In this disclosure, the term “switch” is used in a generic sense, and it can refer to any standalone or fabric switch operating in any network layer. “Switch” should not be interpreted as limiting examples of the present invention to layer-2 networks. Any device that can forward traffic to an external device or another switch can be referred to as a “switch.” Any physical or virtual device (e.g., a virtual machine or switch operating on a computing device) that can forward traffic to an end device can be referred to as a “switch.” Examples of a “switch” include, but are not limited to, a layer-2 switch, a layer-3 router, a routing switch, a component of a Gen-Z network, or a fabric switch comprising a plurality of similar or heterogeneous smaller physical and/or virtual switches.
The term “packet” refers to a group of bits that can be transported together across a network. “Packet” should not be interpreted as limiting examples of the present invention to a particular layer of a network protocol stack. “Packet” can be replaced by other terminologies referring to a group of bits, such as “message,” “frame,” “cell,” “datagram,” or “transaction.” Furthermore, the term “port” can refer to the port that can receive or transmit data. “Port” can also refer to the hardware, software, and/or firmware logic that can facilitate the operations of that port.
Gateway cluster 110 can facilitate communication to a number of access nodes 122, 124, 126, 128, and 130. Access nodes 122, 124, 126, and 128 can couple client devices 102, 104, 106, and 108, respectively.

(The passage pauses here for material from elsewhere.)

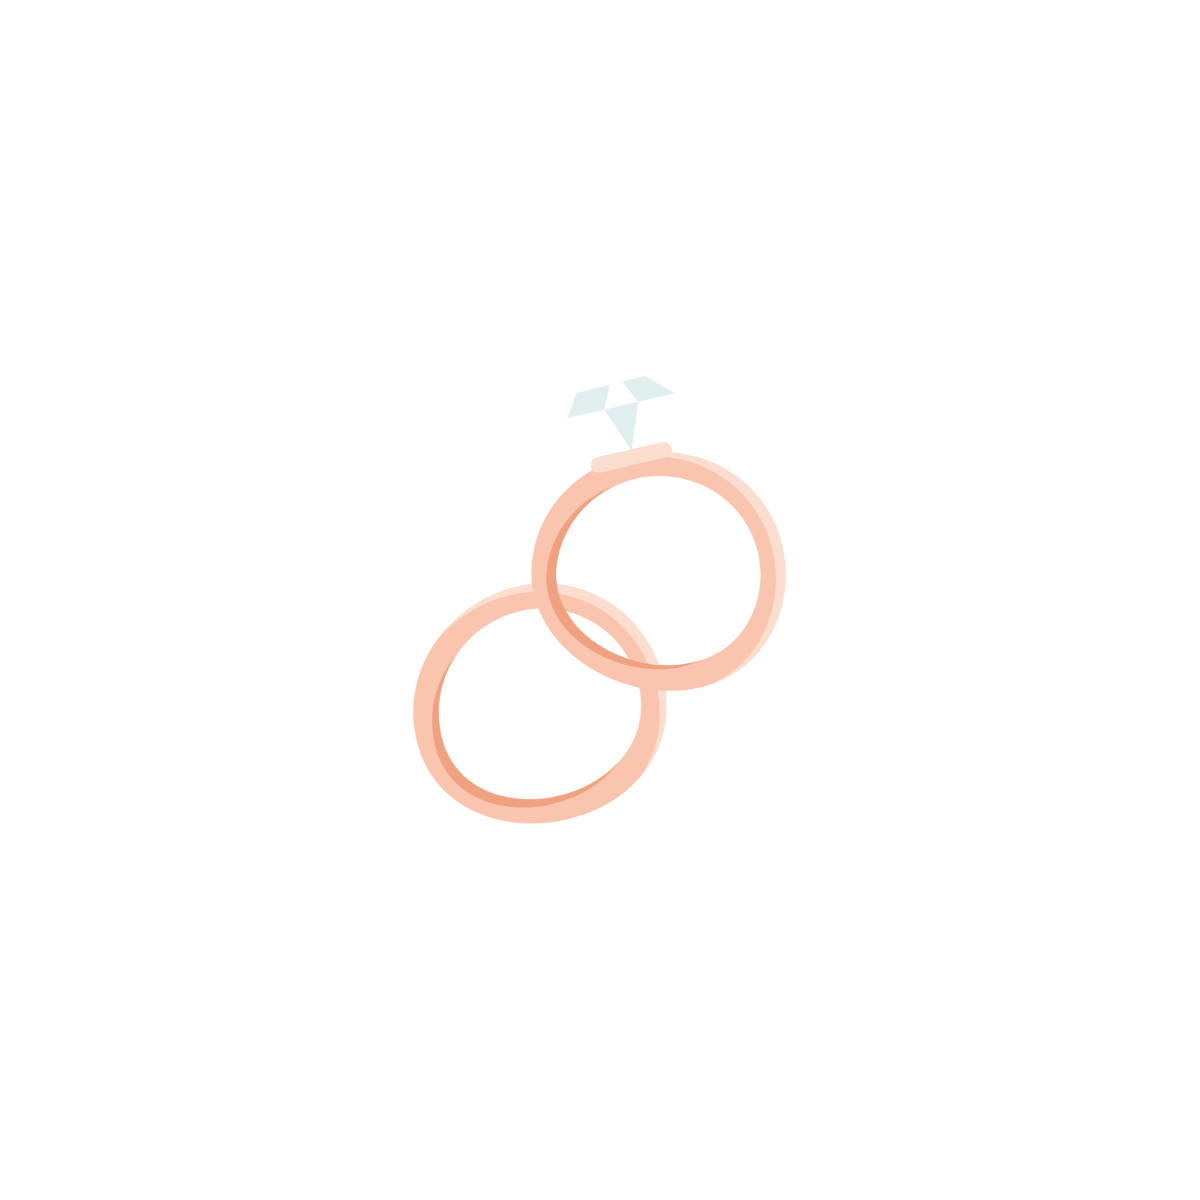 Wedding Ring Illustration

Access nodes 122 and 126 can be wireless APs. On the other hand, access nodes 124, 126, and 130 can be access switches. A respective access node can be coupled to each gateway in cluster 110 via a tunnel. Examples of a tunnel can include, but are not limited to, VXLAN, Generic Routing Encapsulation (GRE), Network Virtualization using GRE (NVGRE), Generic Networking Virtualization Encapsulation (Geneve), Internet Protocol Security (IPsec), and Multiprotocol Label Switching (MPLS). The tunnels in network 100 can be formed over an underlying network (or an underlay network). The underlying network can be a physical network, and a respective link of the underlying network can be a physical link. A respective switch pair in the underlying network can be a Border Gateway Protocol (BGP) peer.

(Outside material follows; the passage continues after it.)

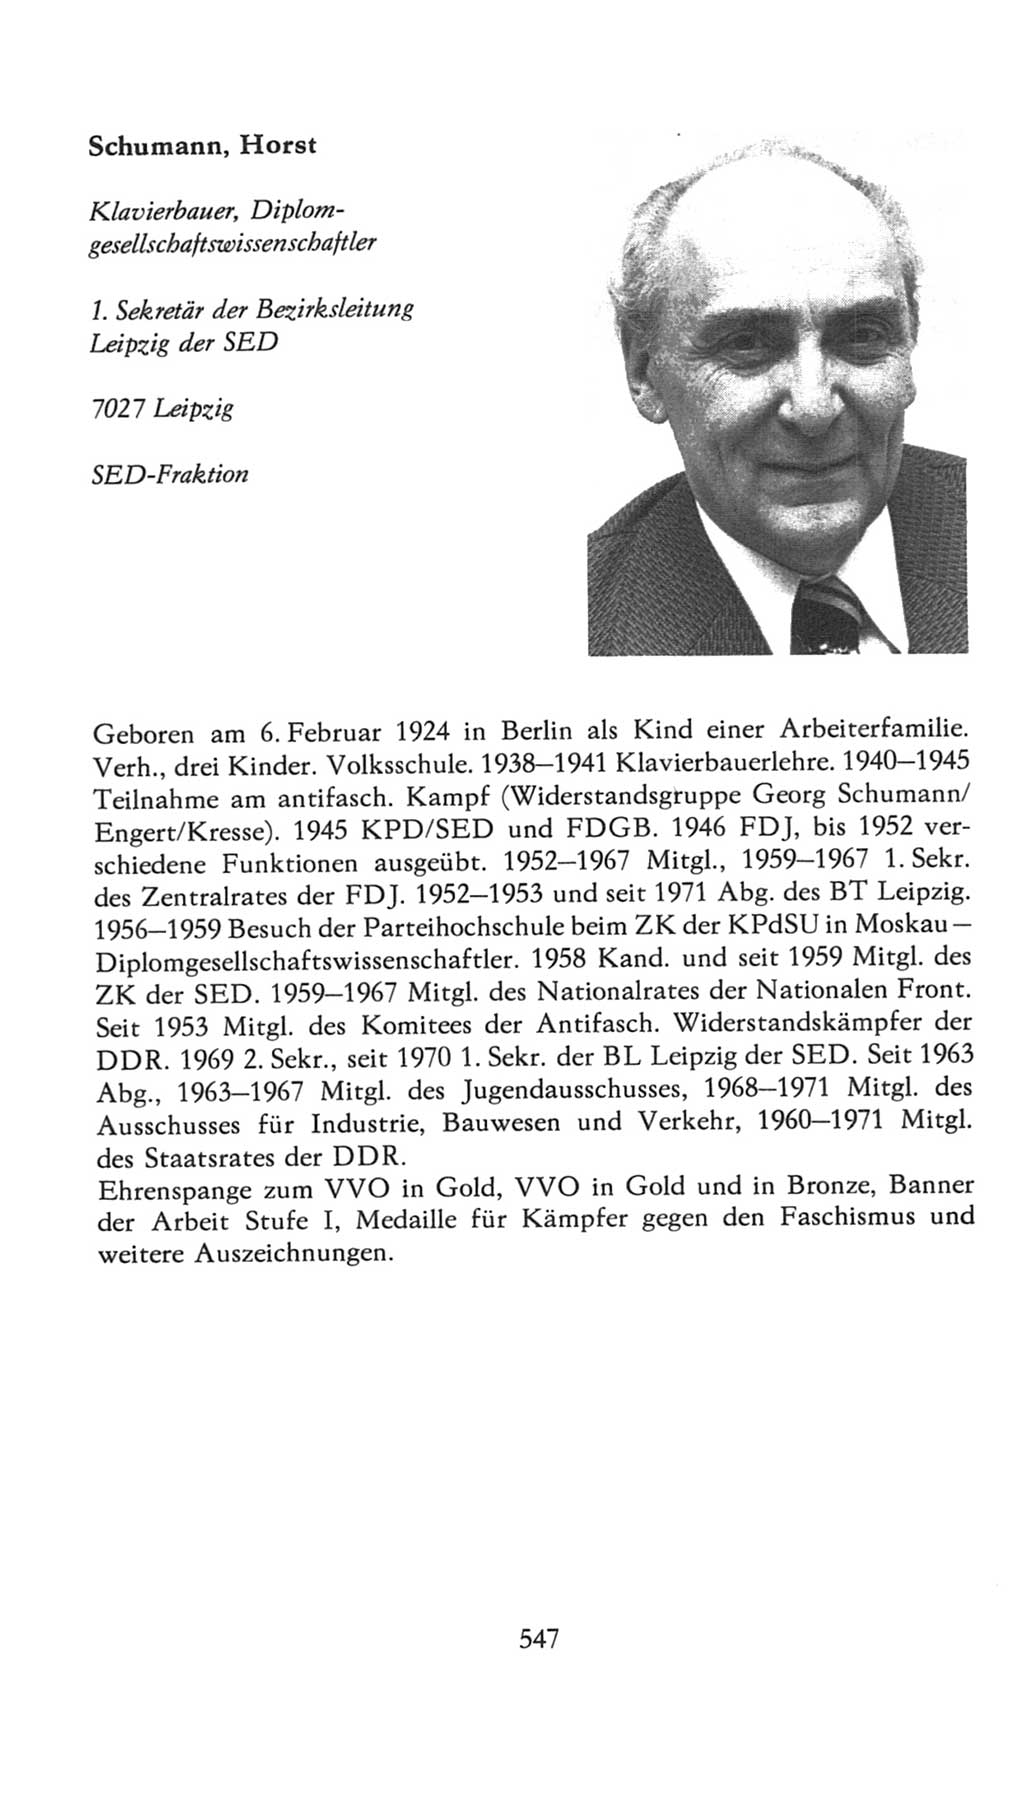 Volkskammer (VK) der Deutschen Demokratischen Republik (DDR), 7. Wahlperiode 1976-1981, Seite 547 (VK. DDR 7. WP. 1976-1981, S. 547)

Because each access node, such as access node 122, of network 100 can be coupled to each gateway in cluster 110, access node 122 can forward traffic to any of the gateways of cluster 110. With existing technologies, when client device 102 becomes associated with access node 122 by establishing a wireless connection, access node 122 can generate an index from the MAC address of client device 102 and look up the index in the bucket map. Based on the lookup operation, access node 122 can determine A-UAG and S-UAG for client device 102. Suppose that gateway 112 is selected as the A-UAG. Gateway 112 can then perform the authentication for client device 102. Upon successful authentication, access node 122 can forward the data flow from client device 102 to gateway 112. Similarly, gateway 112 can also be the A-UAG for client device 104. When gateway 112 authenticates client device 104, access switch 124 can forward the data flow from client device 104 to gateway 112. Hence, the same gateway 112 can be selected based on the indices generated from the MAC addresses of client devices 102 and 104.
As a result, gateway 112 may receive a large volume of traffic from access nodes 122 and 124 while other gateways, such as gateways 116 and 118, in the cluster may remain underutilized. Such a scenario can lead to inefficient and imbalanced load distribution in cluster 110. Furthermore, advanced operations, such as DPI and packet filtering, can be performed on the processor of gateway 112 instead of the forwarding hardware of gateway 112. As a result, the processor of gateway 112 can incur a large load and become a bottleneck.
In addition, client devices 102 and 104 may send smaller packets, which has become a feature of many applications. Hence, gateway 112 may need to process at a high PPS, which can cause significant stress on gateway 112. Moreover, the same gateway 112 being responsible for both control and data traffic can limit flexibility in network 100. Since the bucket map is static, policy-based data forwarding may not be supported in network 100. For example, gateway 112 cannot be selected based on roles, such as admin, guest, engineers, etc., and associated privileges of client devices 102 and 104. Similarly, if another gateway 116 supports advanced features, the bucket map may not allow redirection of traffic from end devices 102 and 104 to gateway 116 to utilize such features.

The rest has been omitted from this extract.